Aviragen Therapeutics, Inc. (NASDAQ:AVIR) today announced its
financial results for the three month period ended December
31, 2016, which is the second quarter of the Company's 2017 fiscal
year, and also provided an update on recent corporate developments.
“In looking to the 2017 calendar year, we have both
near-term events and a broad vision driving the development of our
antiviral pipeline. In the coming weeks, we have a key data readout
from our lead program, vapendavir, that we feel could be a
significant value-creating event for the Company. We are very
committed to the advancement of our pipeline and are confident of
its potential to address considerable unmet clinical needs for
patients with limited therapeutic options,” commented Joseph M.
Patti, PhD, President and Chief Executive Officer of Aviragen
Therapeutics. “We remain opportunistic in seeking out new
indications within our current pipeline and plan to initiate a
Phase 2 study of vapendavir for the treatment of rhinovirus
infections in hematopoietic stem cell transplant patients this
quarter.”
Upcoming Corporate Milestones
Data Readout from Phase 2b SPIRITUS
Trial.

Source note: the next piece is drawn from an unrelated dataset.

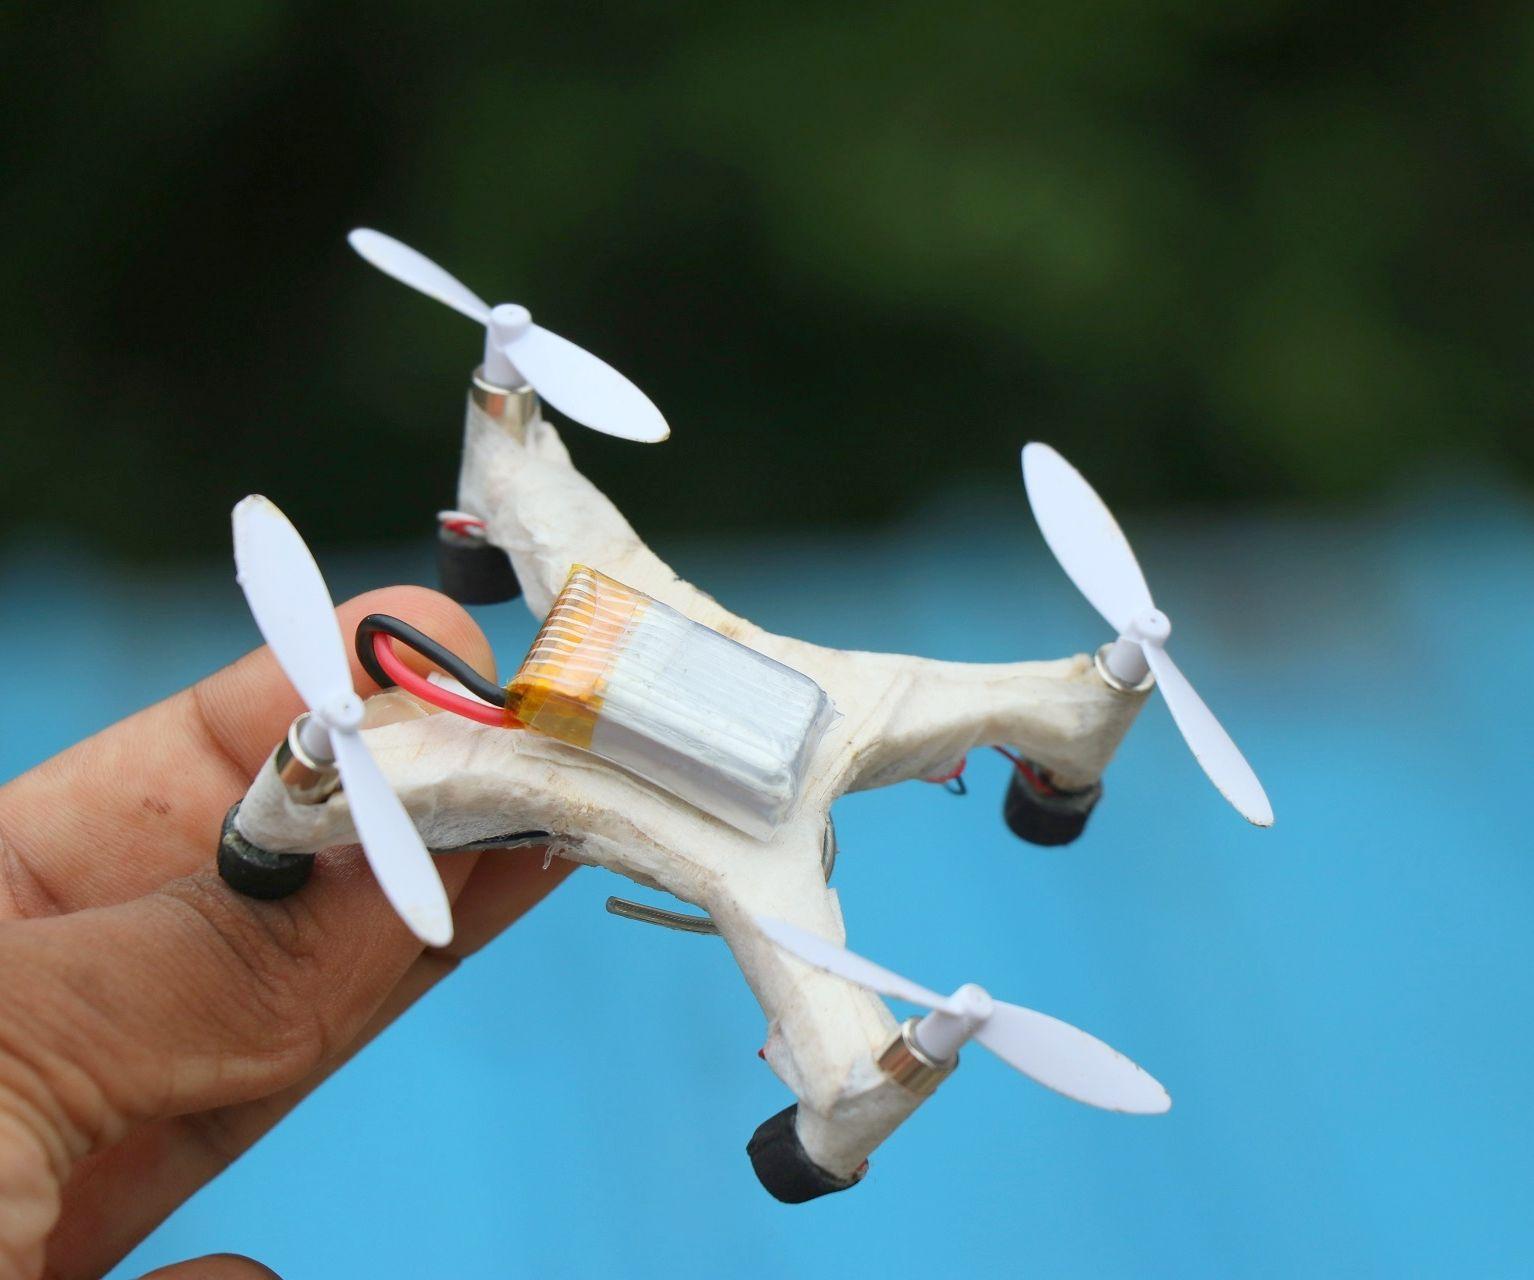 How to Make a Drone at Home - DIY Quadcopter: 5 Steps

This month the Company expects to report results
from the Phase 2b SPIRITUS trial of vapendavir for the treatment of
rhinovirus (RV). The primary endpoint of this multi-center,
randomized, double-blind, placebo-controlled dose-ranging study is
the change from baseline to study day 14 measured by an asthma
control questionnaire (ACQ)-6 total score. The secondary endpoints
are focused on safety and tolerability, lung function assessments
such as forced expiratory volume in one second (FEV1), incidence of
asthma exacerbations, assessments of the severity and duration of
cold symptoms measured by the Wisconsin Upper Respiratory
Symptom Survey-21 (WURSS-21) and virological assessments.
Initiation of Phase 2 Trial of Vapendavir
for Treatment of RV Infections in
Hematopoietic Stem Cell Transplant
(HSCT)
Patients. In the first quarter of 2017, the
Company expects to initiate a Phase 2 trial of vapendavir for the
treatment of RV infections in HSCT patients. The primary endpoint
of the trial will be time-weighted average change from baseline to
end of treatment visit in RV viral load. Secondary endpoints will
include mortality, rate of progression of RV in upper respiratory
tract infection to lower respiratory tract infection, duration of
RV shedding in HSCT subjects, and proportion with hospitalization
and hospitalization time.
Corporate Update
Reported Data from the Phase 2a RSV
Challenge Study of BTA585. Yesterday, the Company
announced top-line data from its double-blind, placebo-controlled
Phase 2a study of BTA585 in adults challenged intranasally with
respiratory syncytial virus (RSV). The data indicated there
was not a significant reduction in the primary endpoint, which was
viral load. The data suggested biological activity on several of
the endpoints, however, the considerable variability in viral load
among the cohorts and the small number of subjects that became
infected with RSV likely impacted the ability to detect a
significant difference between the groups. The safety profile of
BTA585 was favorable and consistent across treatment groups. These
safety results, together with the other clinical data and the
recently completed non-clinical studies, will form the basis for
the Company’s interaction with the FDA to discuss lifting the
clinical hold on BTA585’s Investigational New Drug application.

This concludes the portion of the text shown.